What is different between write back with write allocate and write with non write allocate on Cortex-M4.
Cache policies:
Allocation policy
A read allocate policy allocates a cache line only on a read.
A write allocate policy allocates a cache line for either a read or write which misses in the cache (and so might more accurately be called a read-write cache allocate policy). For both memory reads which miss in the cache and memory writes which miss in the cache, a cache linefill is performed. This is typically used in combination with a write-back write policy on current ARM processors
Write policy
Write-through. With this policy writes are performed to both the cache and main memory.

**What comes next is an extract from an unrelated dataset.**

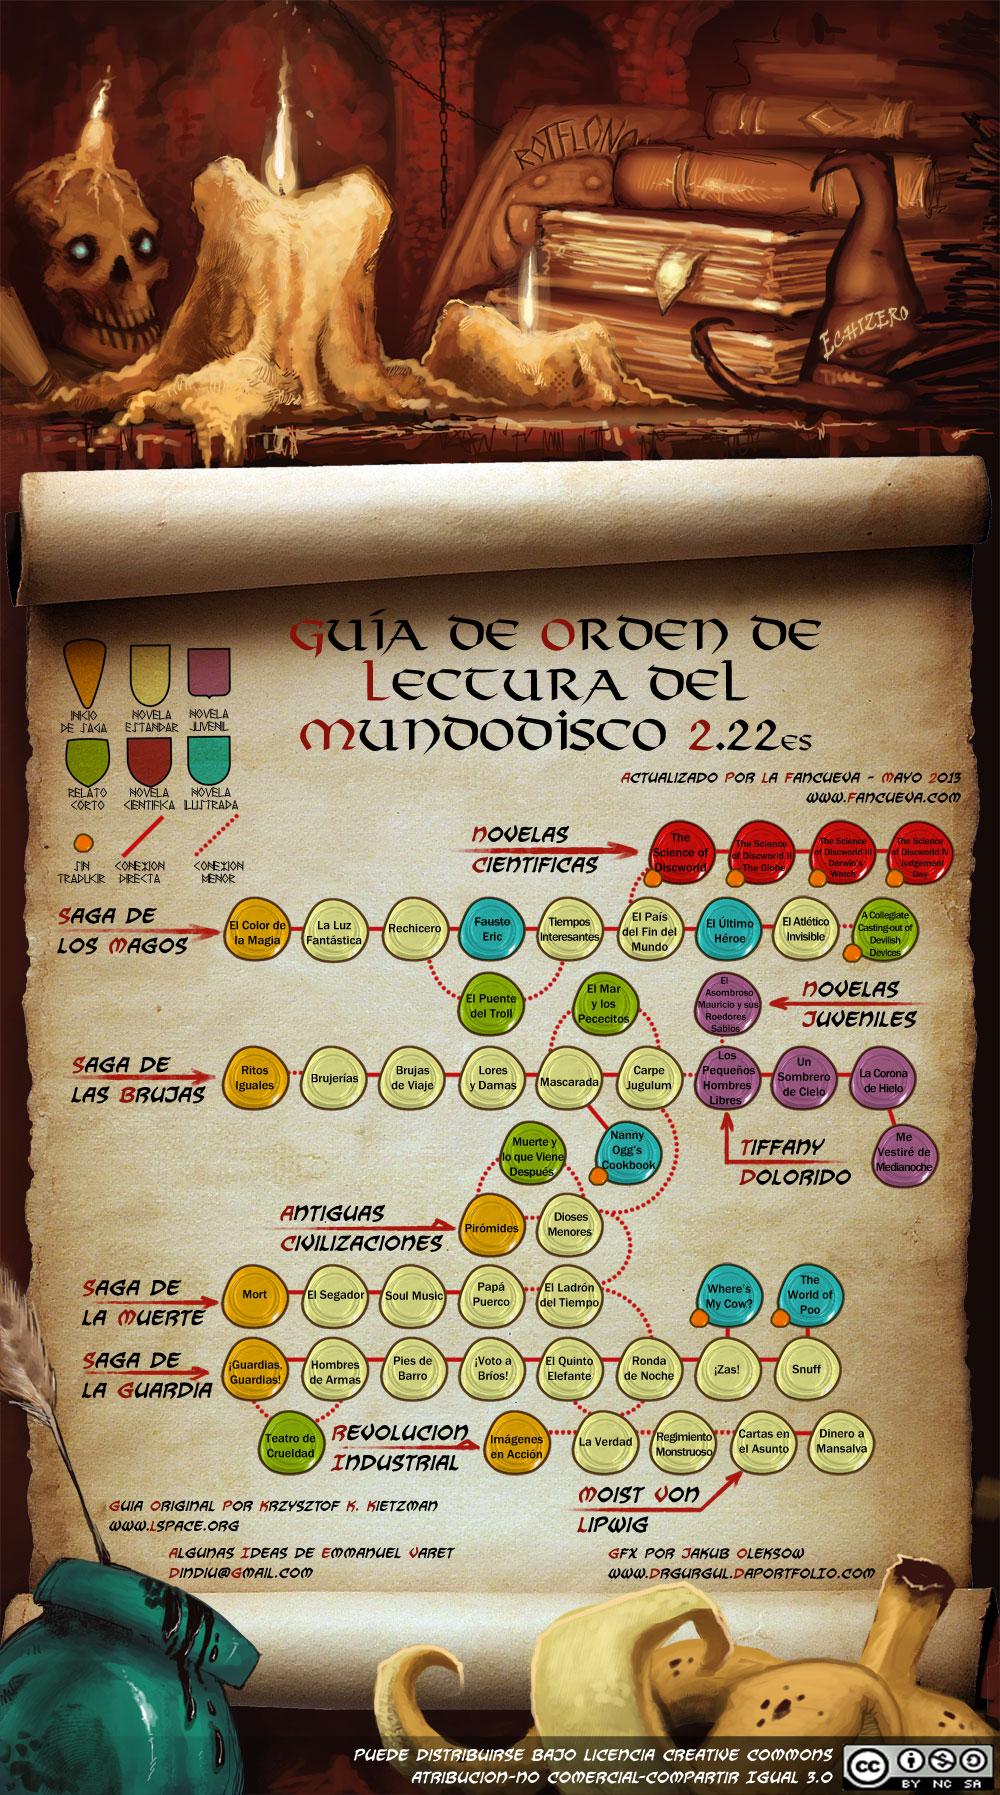 Guía de Orden de Lectura del Mundodisco, v.2.22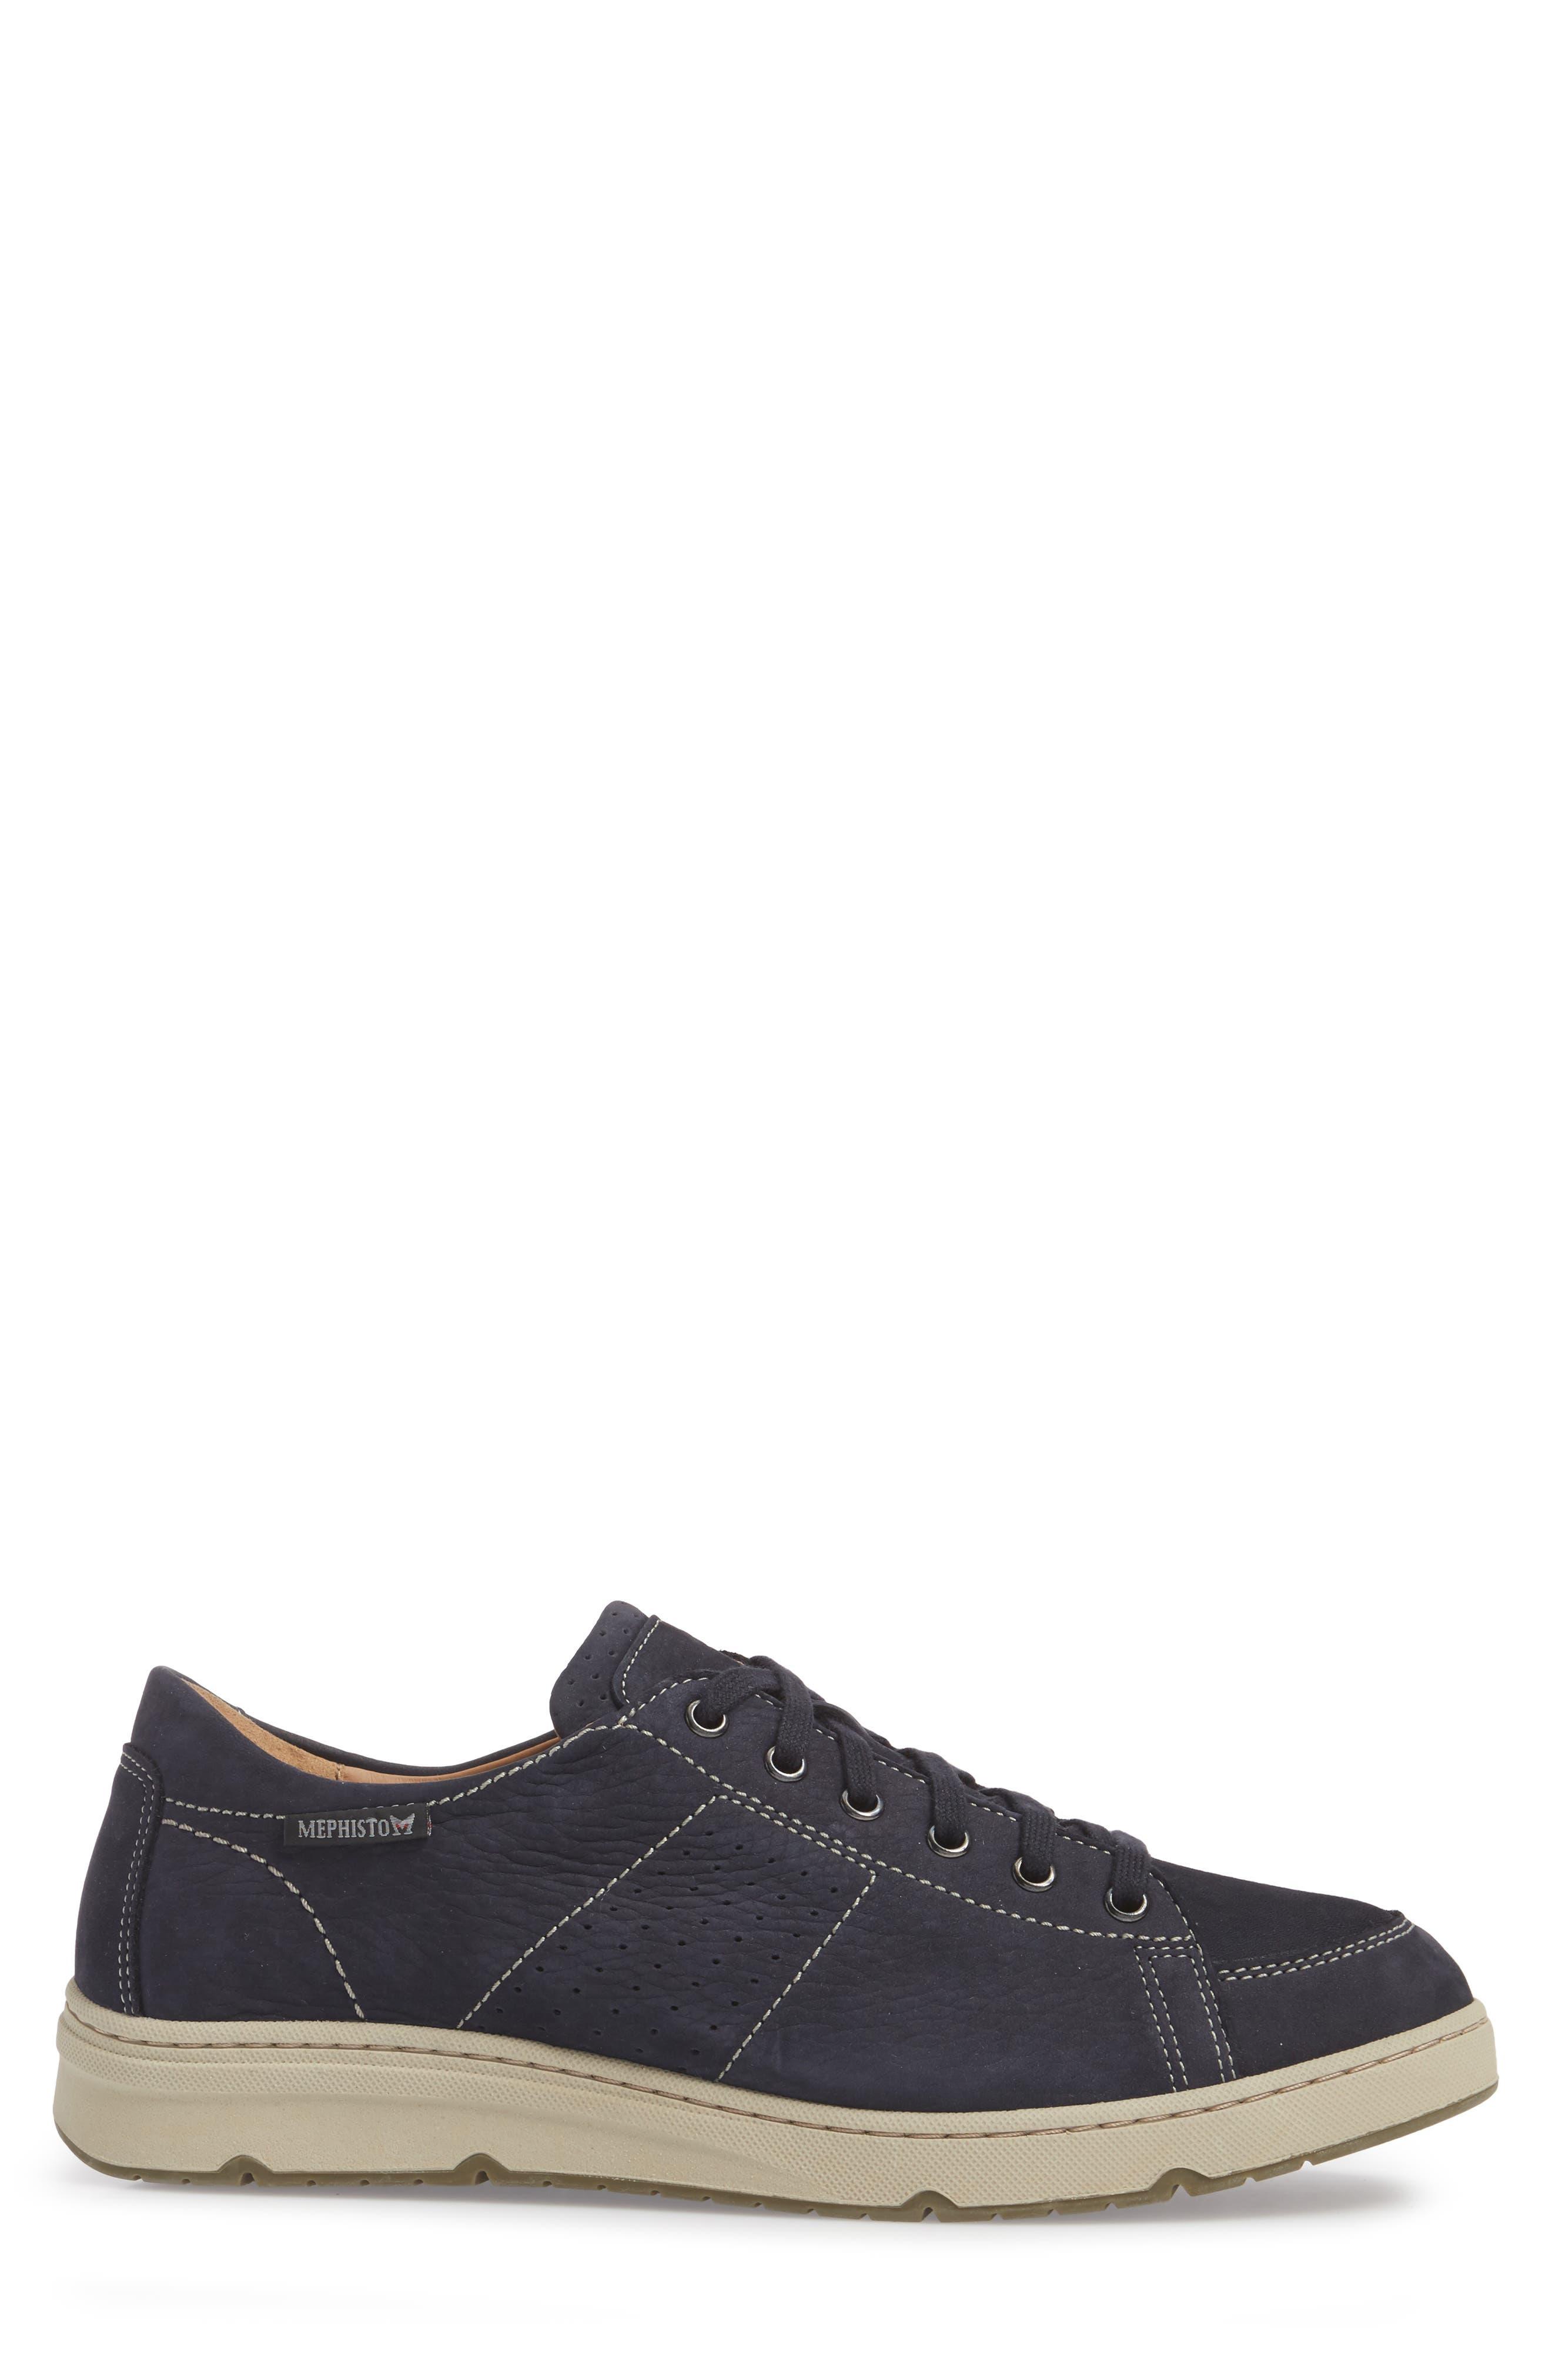 MEPHISTO, Jerome Sneaker, Alternate thumbnail 3, color, 411

Write-back. In this case, writes are performed only to the cache, and not to main memory.(When a write happens which updates the cache, but not main memory, the dirty bit is set. If the cache later evicts a cache line whose dirty bit is set (a dirty line), it writes the line out to main memory.)
Conclusion: write-back with write allocate - write to cache and not to main memory, later when cache eviction happens - main memory will be updated with data from evicted cache line.
write-through with write allocate - write to both the cache and main memory (performance of processor is degraded because of wasting time to wait write operations)
write with non write allocate - write directly to main memory
Sorry, there is a typo. My question is the difference between write back + write allocate and write back + write no allocate on Cortex-M4.
For example, if the address space is cache-able with write back and write no allocate attribute, when write to this space happen and it is not cache hint yet, on CM4, does cache line allocate happen? or just push data to physical device?
I see such description in CA7 TRM:
“All Inner Write-Back memory is treated as Write-Back Write-Allocate ignoring any cache allocate hint, though this can dynamically switch to no write-allocate, if more than three full cache lines are written in succession.”
But i don't find similar description on CA8, CA53 and CM4 TRM, so have some confusions.